Los partidarios de la concepción aristotélica sostuvieron la hipótesis
de su maestro al mismo tiempo que aumentaron el recelo y la
desconfianza frente a la teoría de su adversario. Por su parte,
Galileo insistió con su teoría y afirmó más decididamente su
principio, es decir, que las velocidades de caída son idénticas,
puede haber una mínima diferencia pero se debe a que los cuerpos
no caen en el vacío.
¿Cómo es posible que ante un mismo hecho se produzcan
interpretaciones tan diferentes? Unos y otros “vieron” lo
mismo, pero no “comprendieron”, sin embargo, lo mismo.

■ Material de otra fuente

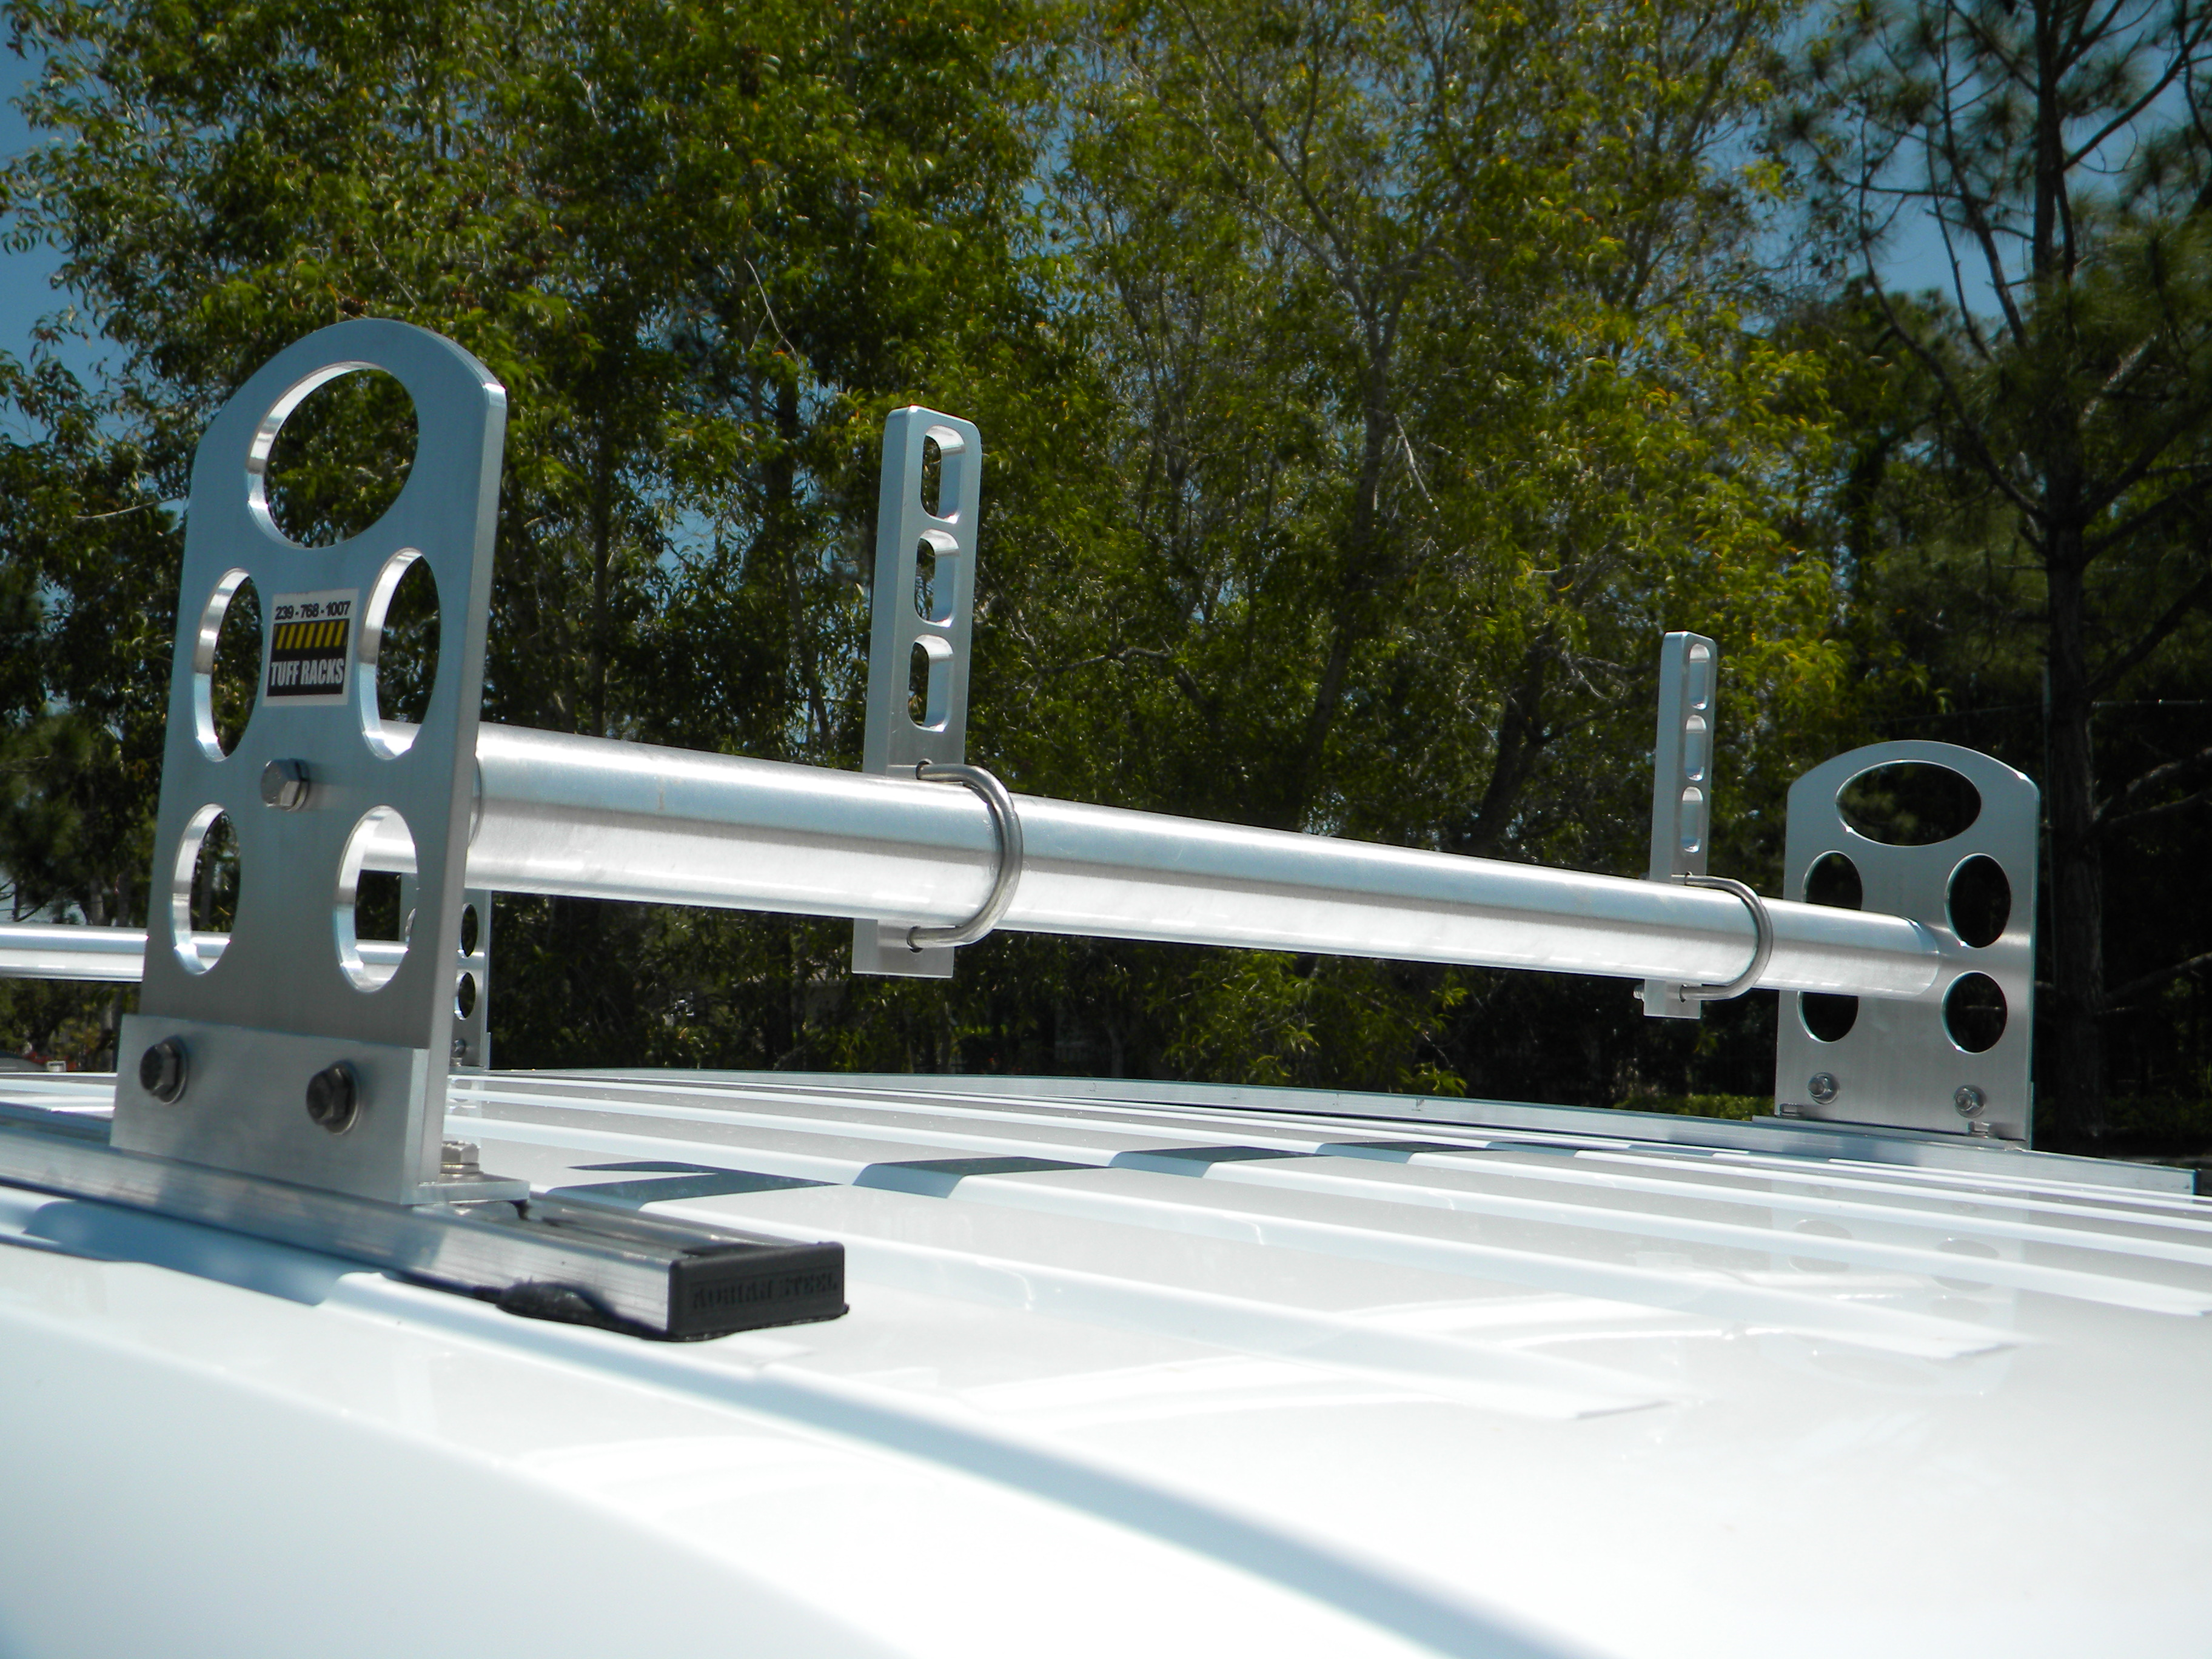 Ford Transit Connect Ladder Racks Tuff Racks

¿Qué conclusión podemos extraer entonces de esta
divergencia? Pues que los hechos, por sí mismos, no bastan
para explicar nada, o bien, que pueden explicarlo todo. Y es
que los hechos adquieren sentido sólo cuando son
comprendidos en el contexto de sus relaciones con otros, es
decir, cuando son incorporados a un determinado esquema o
modo de ver las cosas, donde los hechos se inscriben y
ocupan su lugar. De modo que los hechos se vuelven
inteligibles cuando se los interpreta a la luz de un marco
teórico previo.
El experimento de la Torre de Pisa muestra que no hay hechos
crudos y mudos, sino más bien interpretaciones, modos de
comprender la corporeidad y el movimiento, en este caso, dos
modos opuestos de “ver” y “comprender” las cosas.
Unos y otros, pese a haber “visto” lo mismo, llegaron, sin
embargo, a conclusiones opuestas e irreconciliables.
Observaron lo mismo, pero no “comprendieron” lo mismo. Los
galileanos insistieron con la imposibilidad de extraer las leyes de la
observación de los hechos; los aristotélicos, en cambio, confirmaron
la influencia de la naturaleza propia del cuerpo en el movimiento.